If I find a good book, which is rare because I don’t know what to look for, I love to read.

What gets in the way of reading? Nearly everyone mentioned homework!

Stress, school work, sleep, the internet, socializing, more school work!
Other time commitments, such as sports, chores, and homework. The temptation of picking up my phone also sometimes prevents me from reading.
I forget about how much I love reading and end up not reading that frequently.

Source: Claire Hruban, Library Lantern

A Book By Its Cover


Have you noticed the beautiful books in the display window outside of the Edith Hamilton Library?  Each has a unique cover designed by a student in Ms. Letras' Graphic Design class.  Several students were inspired to design covers for books they read in class, such as The Catcher in the Rye, Everything I Never Told You, and The Color Purple. If you haven't had a chance, stop by. Maybe one of your favorite books is represented!

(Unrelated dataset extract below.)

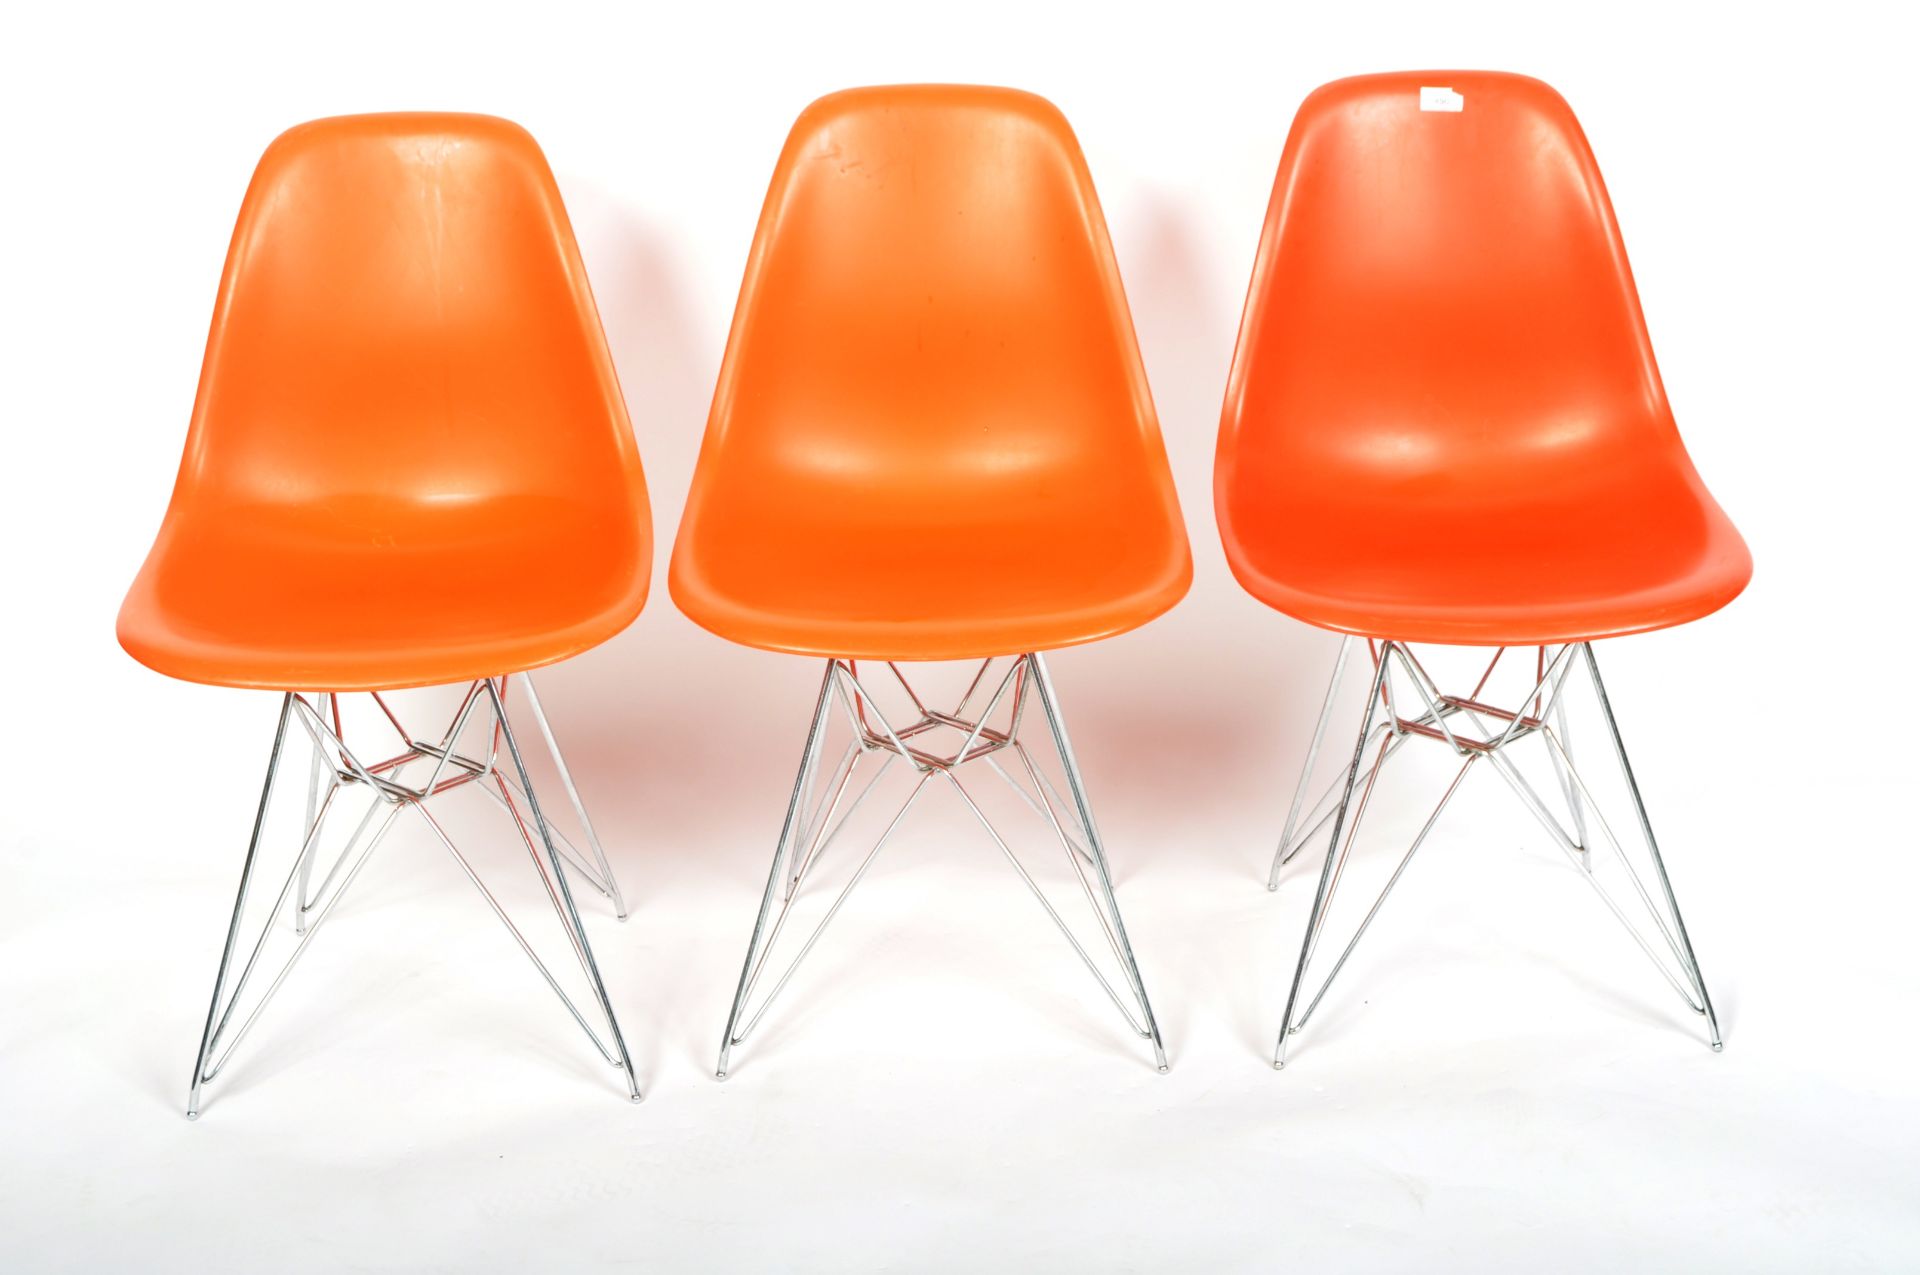 CHARLES & RAY EAMES FOR VITRA - SET OF SIX DSR EAMES PLASTIC CHAIRS - Image 2 of 10
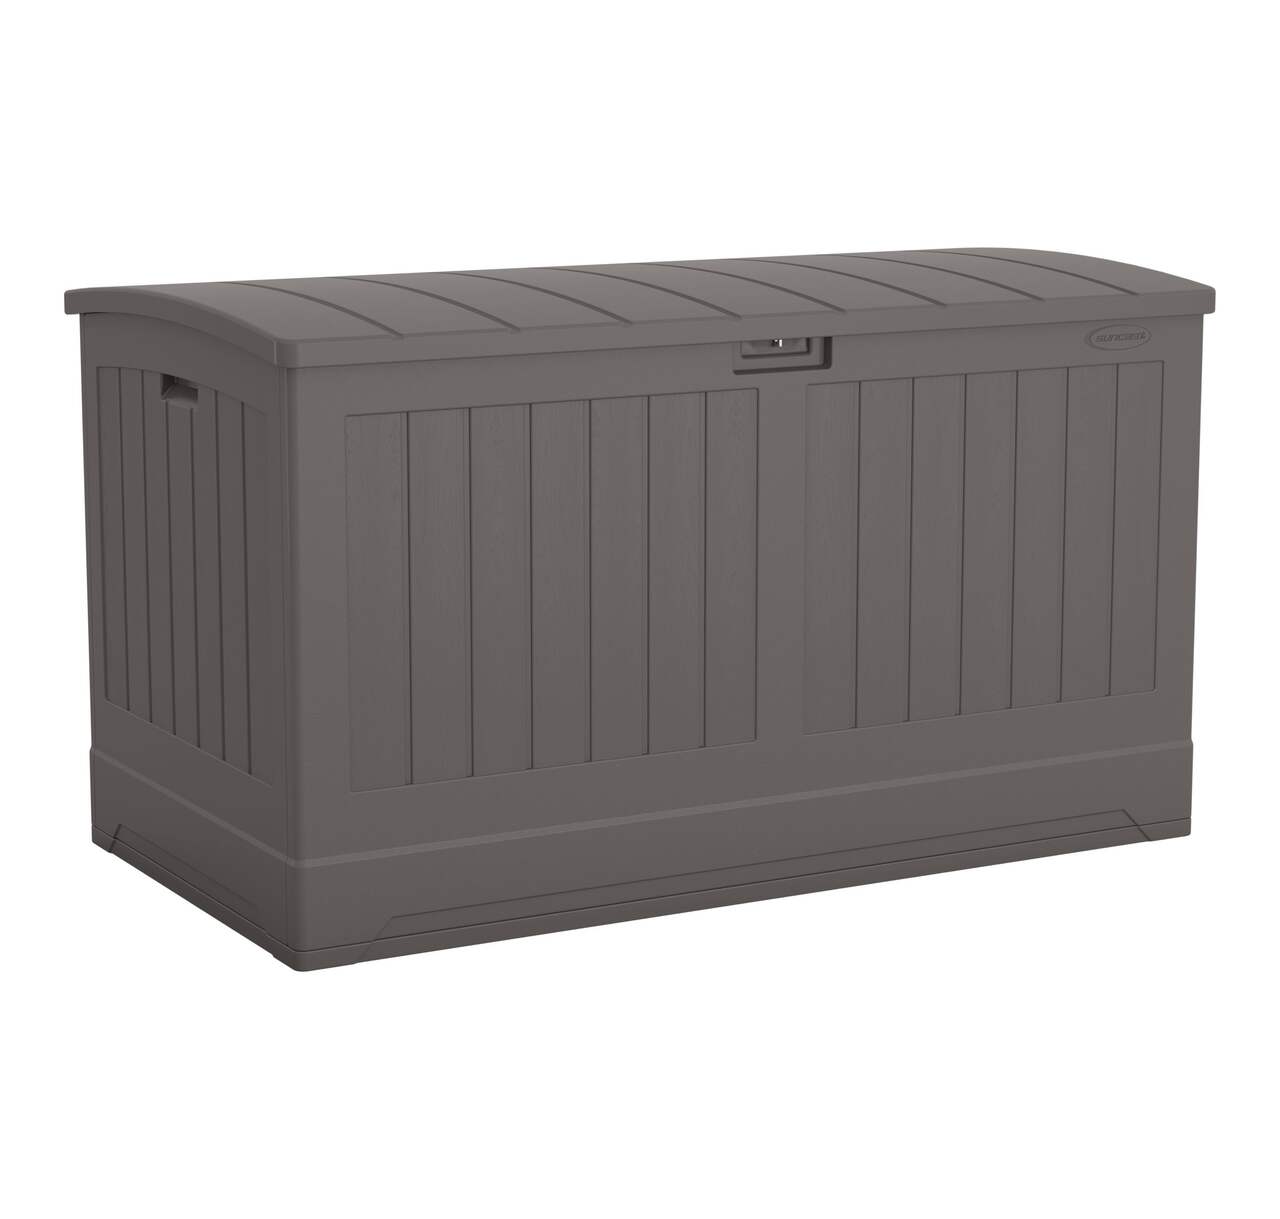 Suncast Resin Outdoor Storage Deck Box, Extra Large, Grey, 200-Gal

Streaming film service now available at Bryn Mawr!

The popular on-demand film streaming service, Kanopy, is now available for free to Bryn Mawr students and faculty.
Films can be streamed from any computer, television, mobile device or platform. Kanopy showcases more than 30,000 of the world’s best films, including award-winning documentaries, rare and hard-to-find titles, film festival favorites, indie and classic films, and world cinema with collections from Kino Lorber, Music Box Films, Samuel Goldwyn, The Orchard, The Great Courses, PBS and thousands of independent filmmakers. Ask the librarians for details.

Monday, October 29, 2018

Enoch Pratt Librarian, Deborah Taylor, visits Bryn Mawr

Enoch Pratt Librarian, Deborah Taylor, spoke at upper school Convocation last week about the importance of libraries and reading in the age of technology. "There are two questions that inflame life-long readers and librarians, two groups to whom I happily belong:Does anybody read anymore?
And why do we need libraries when we can just 'Google it'?" I’ll start with the second. No, you can’t just 'Google it'.”  Ms. Taylor explained that although she uses Google as much as anyone, we must be aware of its limitations.  She cited author, Neil Gaiman, who once said "Google can bring you back 100,000 answers. A librarian can bring you back the right one."

In responding to the question of whether people still read Ms. Taylor said that not a week goes by that she doesn't see a Netflix movie that is based on a book. "Somebody's reading!" She reminded us that graphic novels and comics count as books too. "Books come into being in all kinds of ways because we can become readers in all kinds of ways." Ms. Taylor's grandmother told her stories aurally, and that sparked her love of books and reading.  She shared some of her favorite books throughout the speech, and they are listed below.  Ms. Taylor will be retiring from her position as the Coordinator of School and Student Services at Pratt next week.  We are very thankful that she took time out of her busy morning to visit Bryn Mawr.


Books that Ms. Taylor mentioned during her speech:
Check, Please! by Ngozi Ukazu
Hidden Figures: The American Dream and the Untold Story of the Black Women Mathematicians Who Helped Win the Space Race by Margot Lee Shetterly
Dear Martin by Nic Stone
Harry Potter series by J. K . Rowling
Children of Blood and Bone by Tomi Adeyemi.
All Souls Trilogy by Deborah Harkness (A Discovery of Witches is first volume)
The Mortal Instruments series by Cassandra Clare
The Infernal Devices series by Cassandra Clare
Alexander Hamilton by Ron Chernow
The Hemingses of Monticello by Annette Gordon-Reed
Belle: The Slave Daughter and the Lord Chief Justice by Paula Byrne
The Library Book by Susan Orlean

Monday, August 27, 2018

Welcome to the Edith Hamilton Library Blog!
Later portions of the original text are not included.